BEGIN Extracted entries
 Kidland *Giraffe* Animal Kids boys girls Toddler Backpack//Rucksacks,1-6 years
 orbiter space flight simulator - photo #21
END Extracted entries
BEGIN Extracted entries
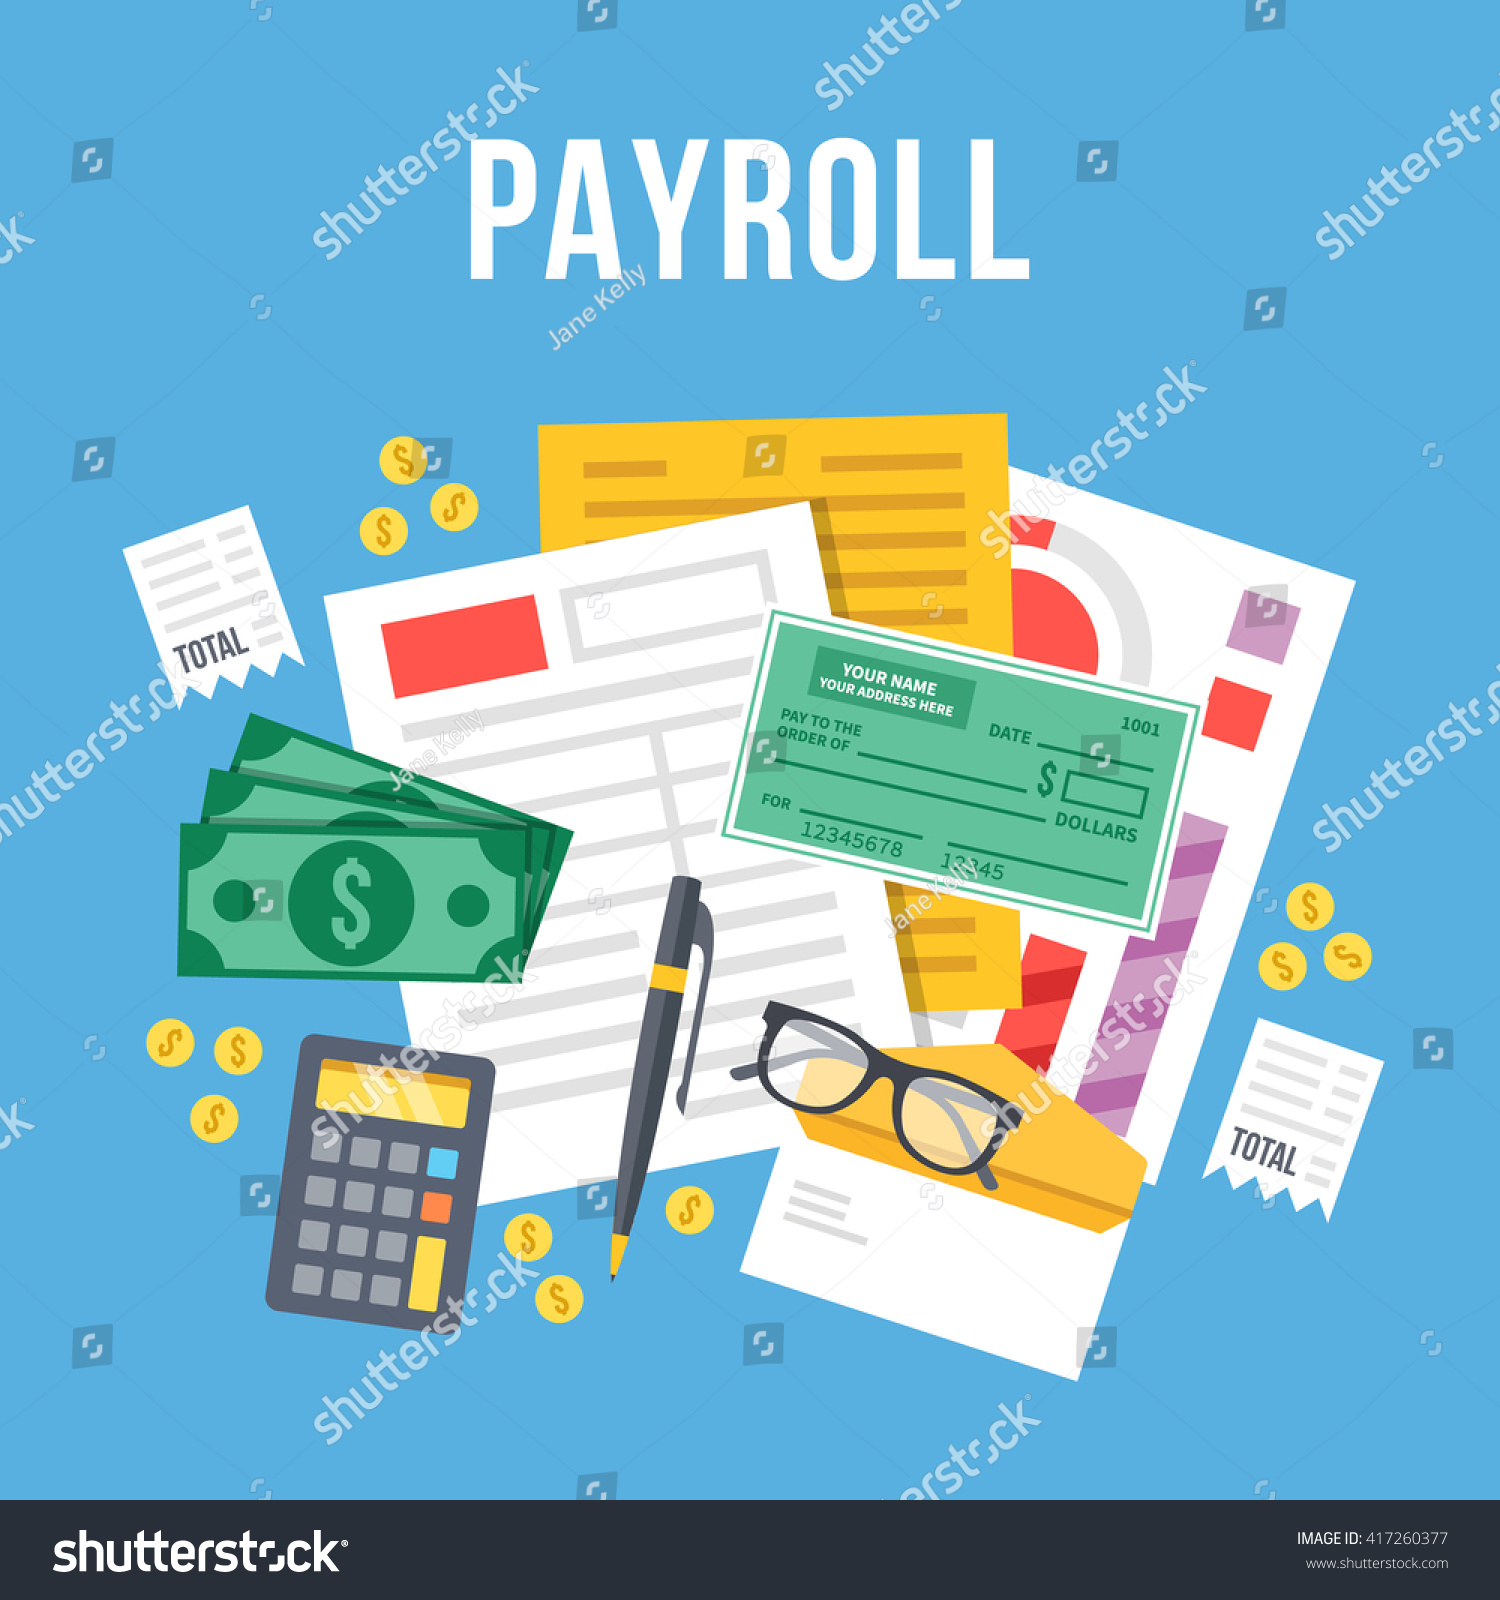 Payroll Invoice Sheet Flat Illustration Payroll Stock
END Extracted entries
BEGIN Extracted entries
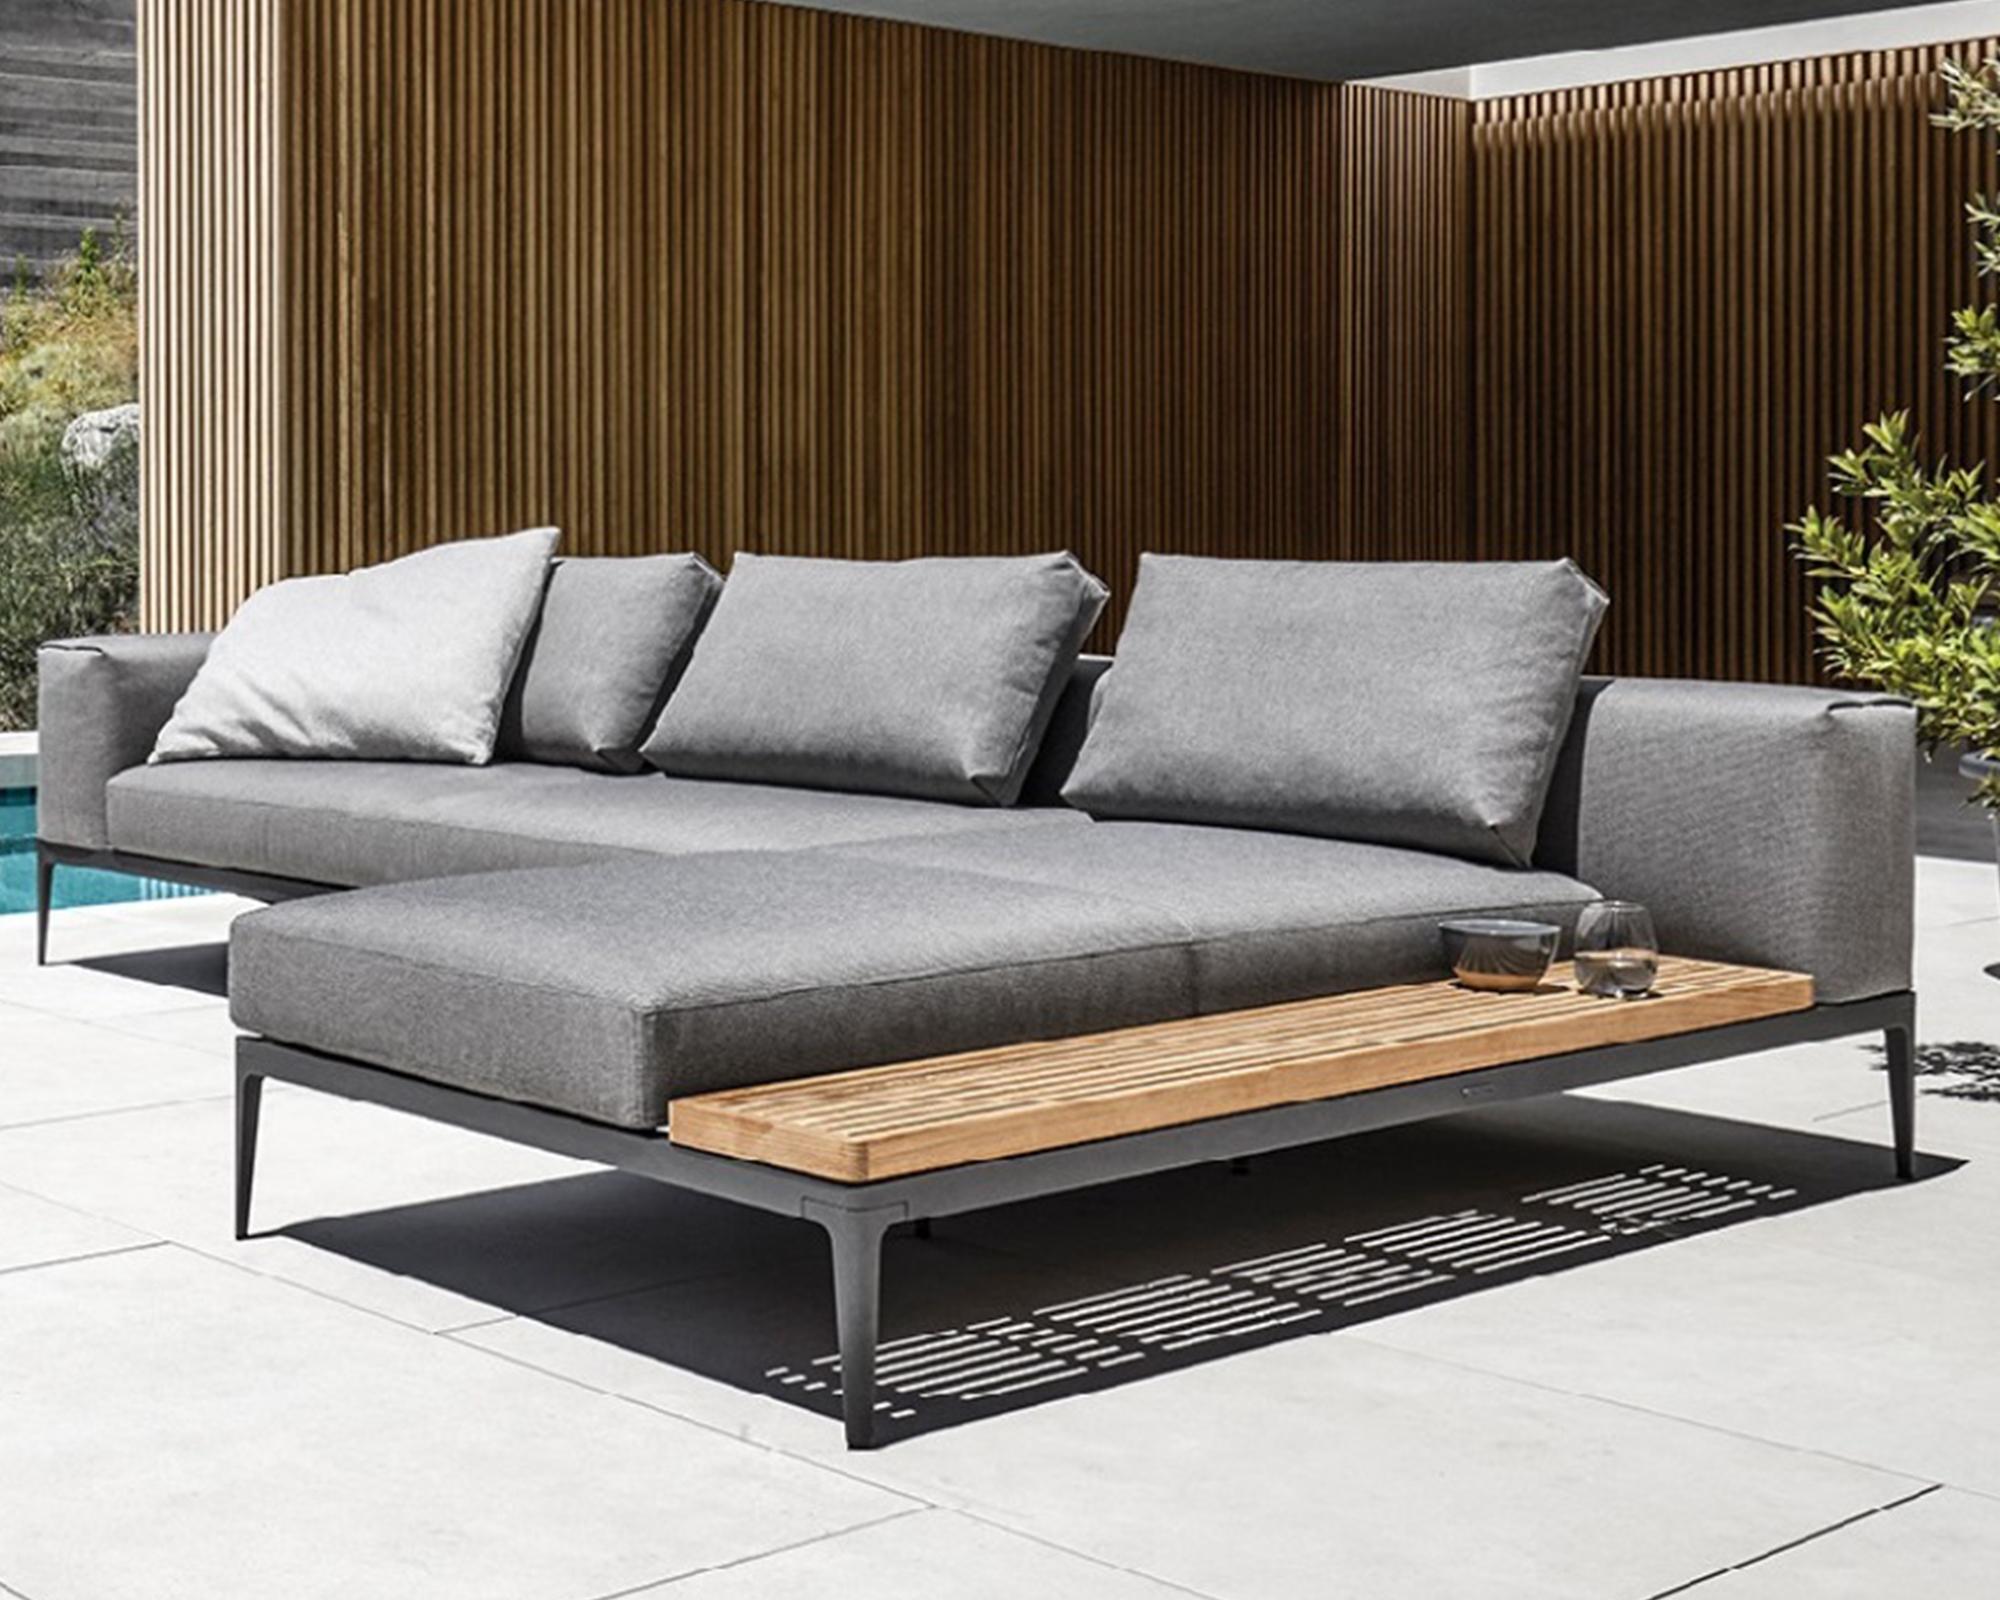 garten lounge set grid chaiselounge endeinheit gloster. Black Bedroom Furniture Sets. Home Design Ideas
END Extracted entries
[Action item]
Reproduce, word for word and in full, only the lines above that start at the line with "Kidland *Giraffe* Animal" and run through the line with "orbiter space flight simulator - photo #21", both ends included.

[Result of the exercise]
 Kidland *Giraffe* Animal Kids boys girls Toddler Backpack//Rucksacks,1-6 years
 orbiter space flight simulator - photo #21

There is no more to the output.